Now it was already in this house that one day, when I was getting dressed for lunch, I received a card with this name:
EZEQUIEL A. OF SANTIAGO class = "center"
- Is the person there? I asked the servant.
-Yes sir; waited.
I did not go soon; I fil-o wait a ten or fifteen minutes in the room. It was only later that he reminded me that I was going to have a little fuss and run, hug him, talk to his mother. The mother, I believe she has not yet said that she was dead and buried. Was; there lies in old Switzerland. I just got dressed in a hurry. When I left the room, I took ares de pae, a pae between meek and curly, half Dom Casmurro. As I entered the room, I found a young man with his back to the wall of Massinissa's bust. I came cautious, and I made no sound. Nevertheless, he heard my footsteps, and turned quickly. He knew me by the pictures and ran to me. I did not move; was no more and no less my old and young companion of the Seminary of St Joseph, a little lower, less full of body, and save the colors that were alive, the same face of my friend. It was modern, of course, and the manners were different, but the general aspect reproduced the dead person. It was his own, the exact one, the real Escobar. It was my battle; was his father's son. He dressed in mourning for his mother; I was in black too. We sat down.

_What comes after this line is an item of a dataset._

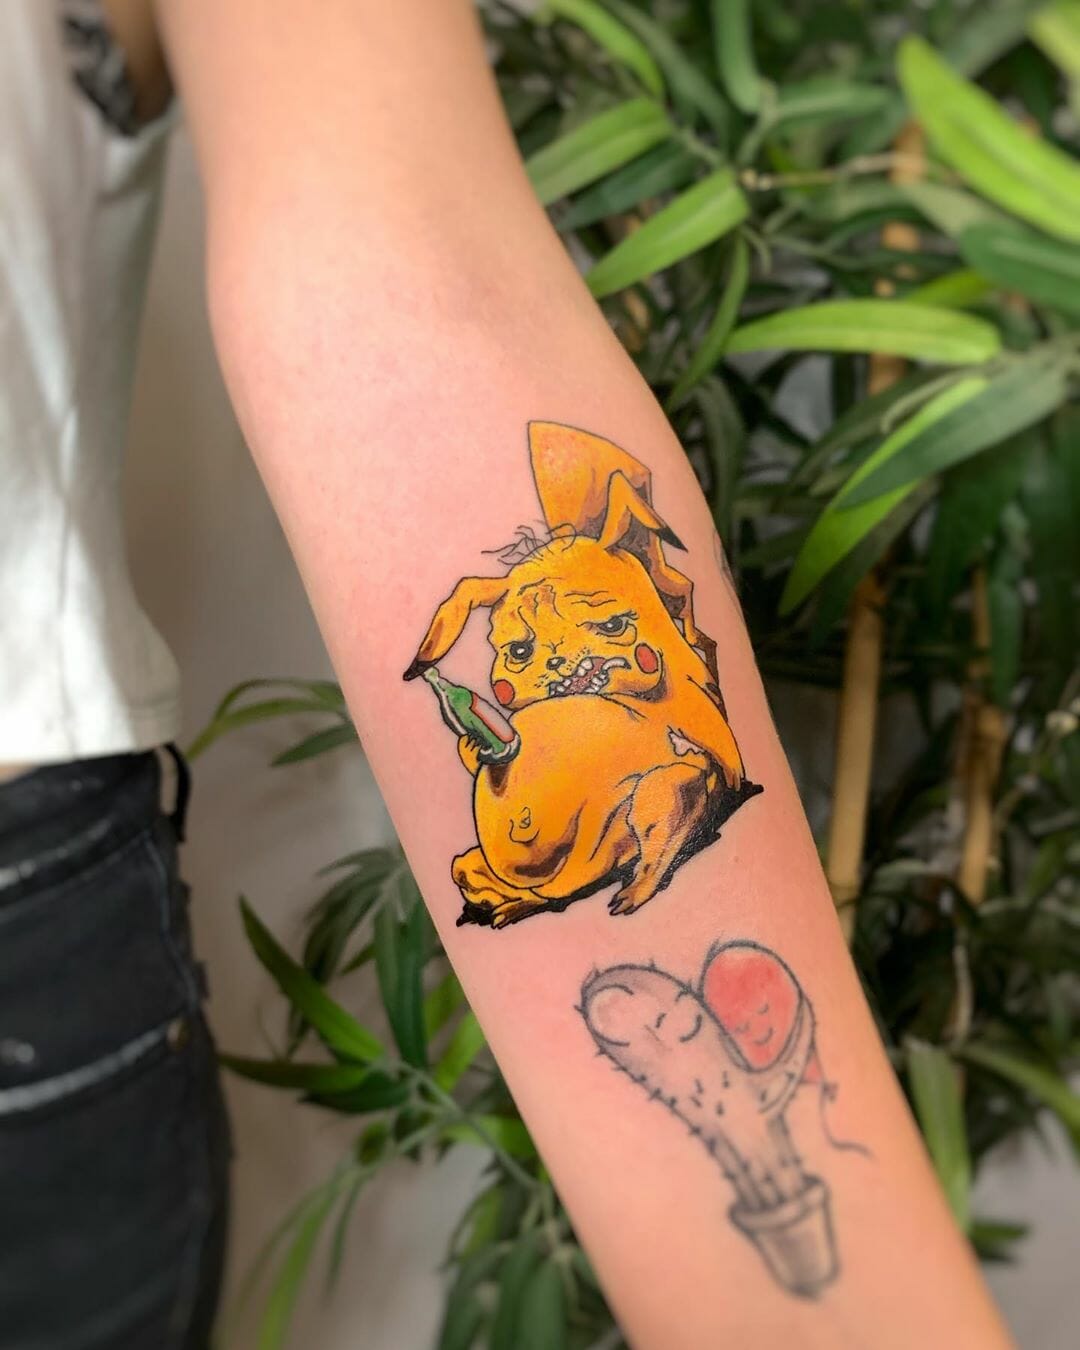 Ragged Drunk Pikachu Tattoo

"Papa does not differ from the last pictures," he told me.
The voice was the same as that of Escobar, the accent was ardent. I explained that I really did not really differ from what it was, and I began an interrogation to have less to speak and thus dominate my emotion. But this even excited the face of him, and my colleague of the seminary was resurfacing more and more of the cemetery. Here I stand, before me, with equal laughter and greater respect; total, the same gift and the same grace. He longed to see me. The mother spoke highly of me, praising me extraordinarily, as the purest man in the world, the most worthy of being loved.
"She was beautiful," he concluded.
-Let's have lunch.
If you think the lunch was bitter, you fool yourself. Had his minutes of annoyance, it's true; at first it hurt me that Ezekiel was not really my son, that I did not complete and continue. If the boy had gone to his mother, I would have come to believe it all, much more easily than he seemed to have left me on the eve of the evening, evoking childhood, scenes and words, going to college ...
"Papa still remembers when you took me to college?" he asked, laughing.
"Shall I not remember?"
"It was in Lapa; I was desperate, and Papa would not stop, he would give me every tug, and I with my little legs .... Yes, sir, I accept.
He held out the glass to the wine I offered him, drank a sip, and continued to eat. Escobar ate like that too, his face on his plate. He told me about life in Europe, his studies, particularly those of archeology, which was his passion. He spoke of antiquity with love, counted Egypto and his thousands of centuries, without losing himself in the figures; He had the father's arithmetical head. I, since the idea of the fatherhood of the other was already familiar to me, did not like the resurrection. Sometimes he would shut his eyes to see no gestures or anything, but the goblin spoke and laughed, and the dead man spoke and laughed at him.
If there was no remedy other than to stay with him, I made myself truly pae. The idea that he might have seen some photograph of Escobar, which Captain Carelessly took with him, did not come to me, nor, if he did, would he persist. Ezekiel believes in me as in the mother. If Jose Dias were alive, I would find him in my own person. Justina wanted to see him, but being ill, she asked me to take him there. I knew that kinswoman. I believe that the desire to see Ezekiel was for the purpose of verifying in the young man the bond that he might have found in the boy. It would be a last gift; I caught him in time.
"It is very bad," I said to Ezekiel that he wanted to go there, any emotion could bring him to death. We'll go there when it gets better.
We were not; death took her within a few days. She falls in the Lord or whatever it is. Ezekiel saw his face in the coffin and did not know it, nor could he, so did the years and death. On the way to the cemetery, they remembered a lot of things, some street, some tower, a stretch of beach, and it was all joy. This was the way he always went home at the end of the day; he told me the memories he was receiving from the streets and houses. Many of them were astonished to be the same as he had left, as if the houses were killing girls.
At the end of six months, Ezekiel spoke to me on a trip to Greece, to Egypt, and to Palestine, a scientific journey, a promise made to some friends.
"What sex?" I asked laughing.
He smiled in annoyance and told me that women were such fashionable and day-old creatures who would never understand a ruin of thirty centuries. They were two college colleges. I gave him resources, and I gave him the exact first money. Commigo said that one of the consequences of the father's stealthy love was to pay for his son's archeology; I was so cruel and perverse that I took the boy and tried to open it to his heart, but I drew back; I looked at him afterwards, as one does to a real son; The eyes he laid on me were tender and grateful.